I've found Ofsted reports to be a bit like sausages. Well-formed and tasty if you keep your eyes shut when consuming them. But as soon as you start to look at how they are put together - particularly the lips and arseholes that get thrown into their production - you quickly start to lose your appetite.
My kids have complex SEN. Fortunately, the SEN they have is one for which specialist teaching exists, and outcomes can be pretty good with the right support.
But Ofsted don't employ any of these specialist teachers as inspectors. So in terms of reliability, Ofsted reports tend to rank somewhere below the David Icke website for us. Once Ofsted start to send inspectors to my kids' schools who know something about this specific SEN - and once they send inspectors who are actually capable of communicating with the pupils - then I'll think again.
When I used to look at the reports, the first thing I did was check the professional background of the inspectors who produced the last report for the school I'm looking at. Ofsted publish some (limited) data - here
Most of the time, this data makes for depressing reading, even for mainstream school inspections. For example, the lead Ofsted inspector who assessed our local primary was someone who last taught psychology at a sixth form college. In the 1990s. You'll find inspectors assessing 1,500+ inner-city comprehensive schools whose last experience of headship was a village primary. Sometimes, they send the right people to the right school. But not always.

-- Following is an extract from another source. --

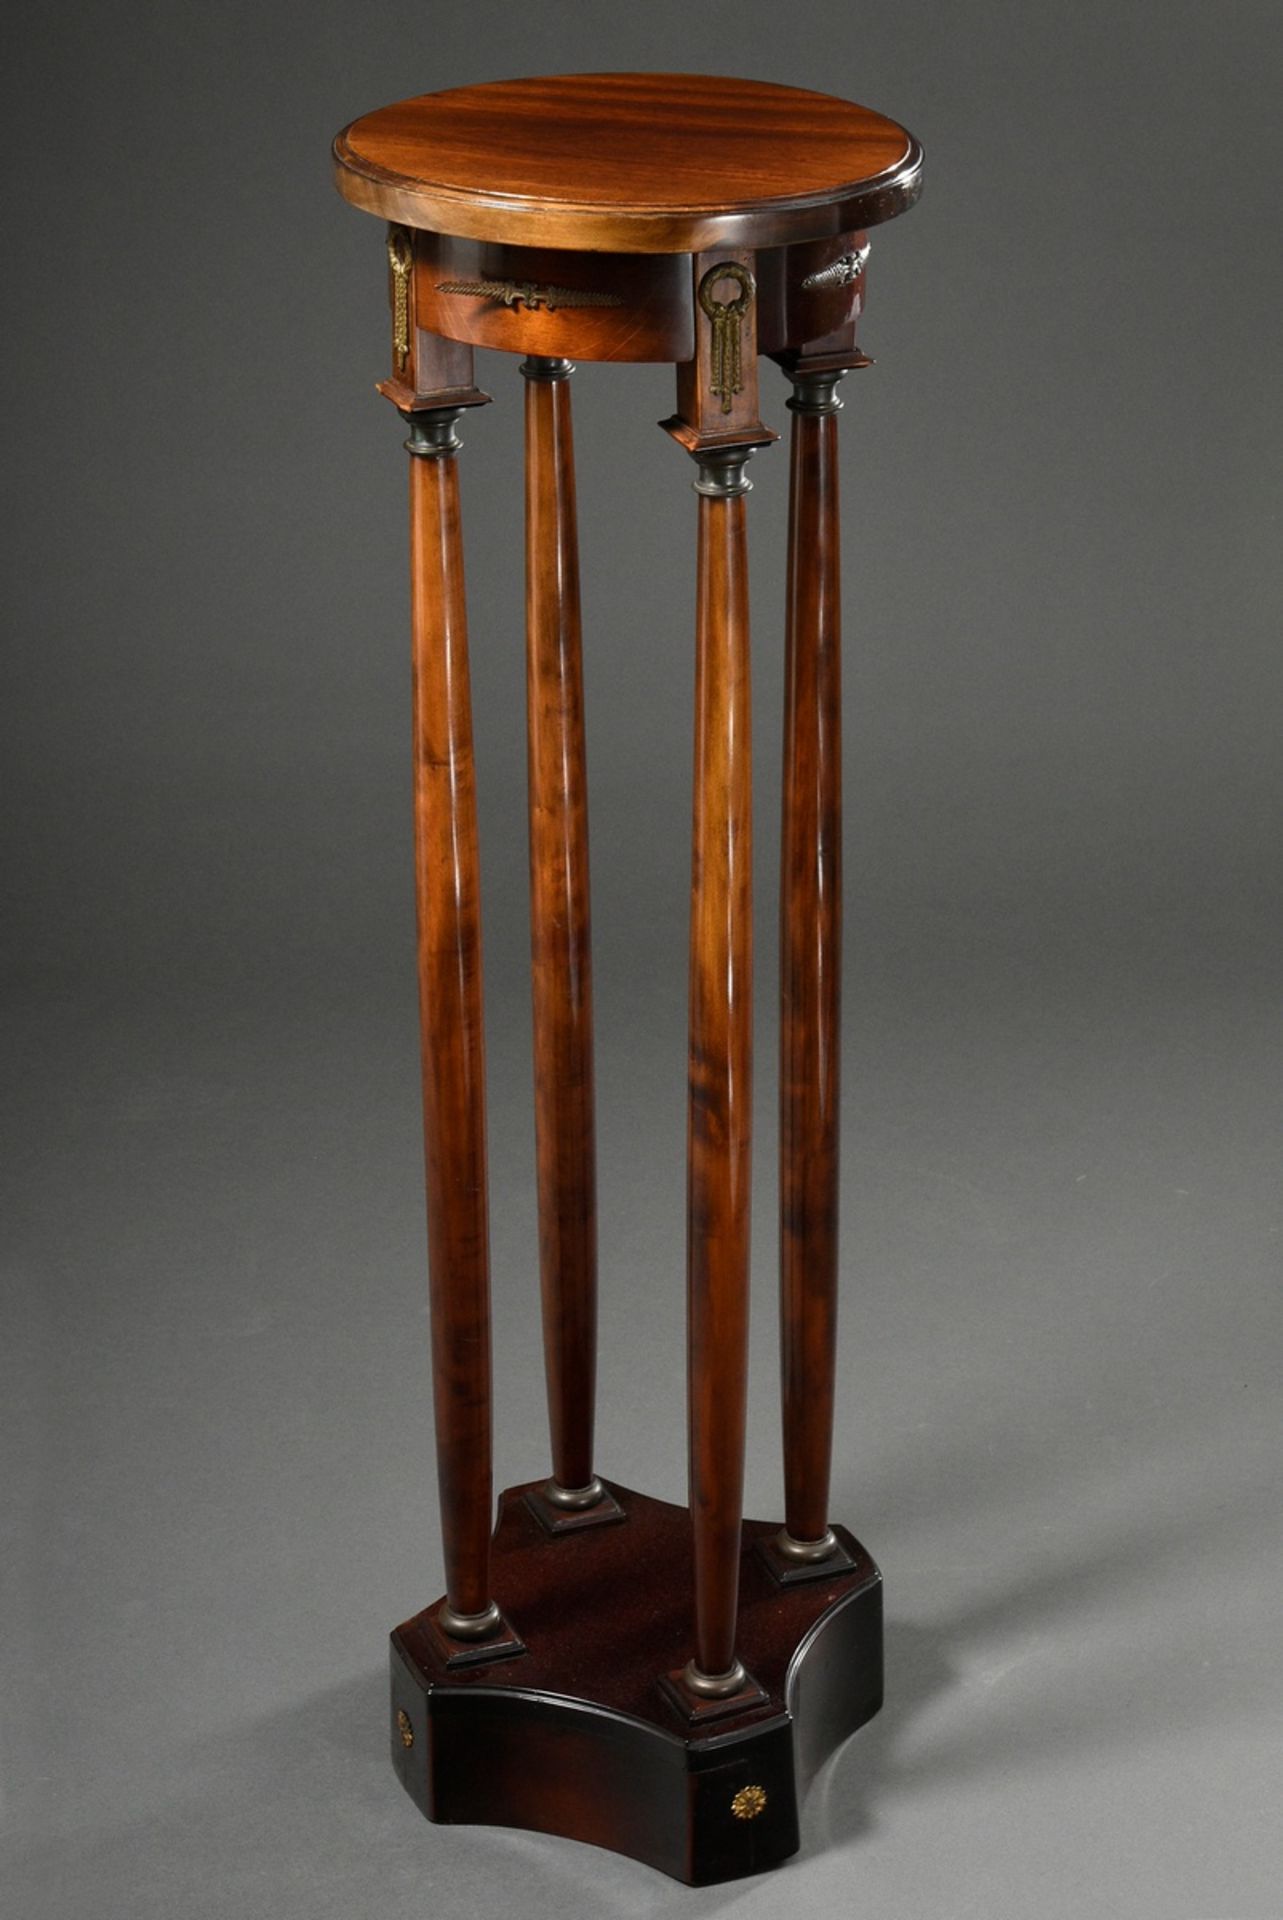 Wilhelminian flower stand on 4 columns with bronze applications, around 1900, mahogany stained redd
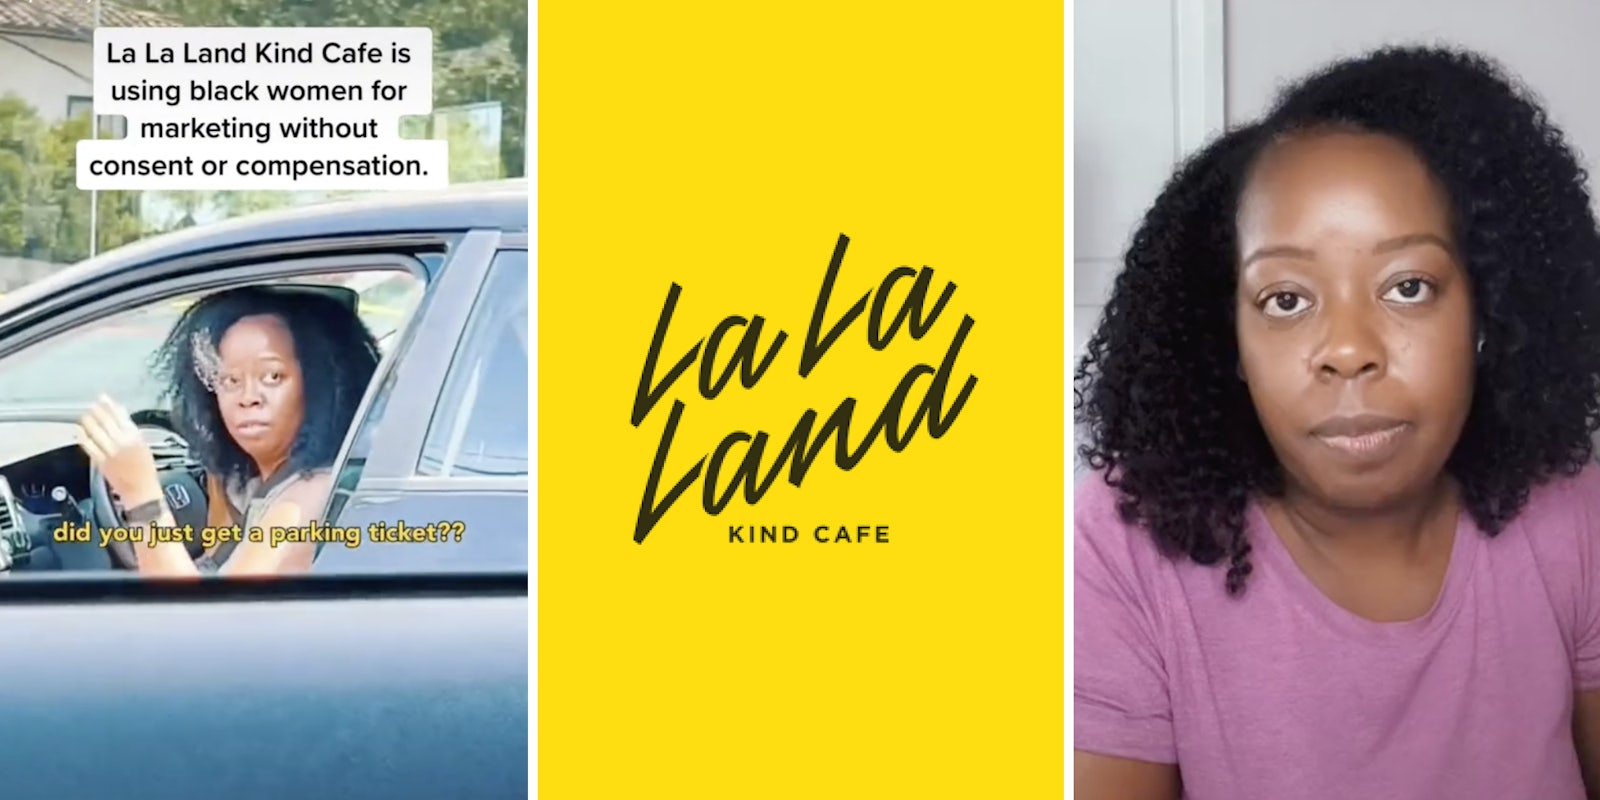 black woman looking out window of car (l) lala land cafe logo (c) black woman staring into camera (r)

Also, the number of inspectors who play both sides of the street is depressing. A large number of inspectors also work freelance as education consultants, selling services to schools, academy trusts and LAs. One day, an individual like this can be inspecting a school for Ofsted. The next day, they can be telling a school how to make itself 'Ofsted-ready.' Somehow, Ofsted don't consider this conflict of interest to be a problem. There is a system of self-declaration of interest, but Ofsted won't say how often or carefully they pro-actively investigate.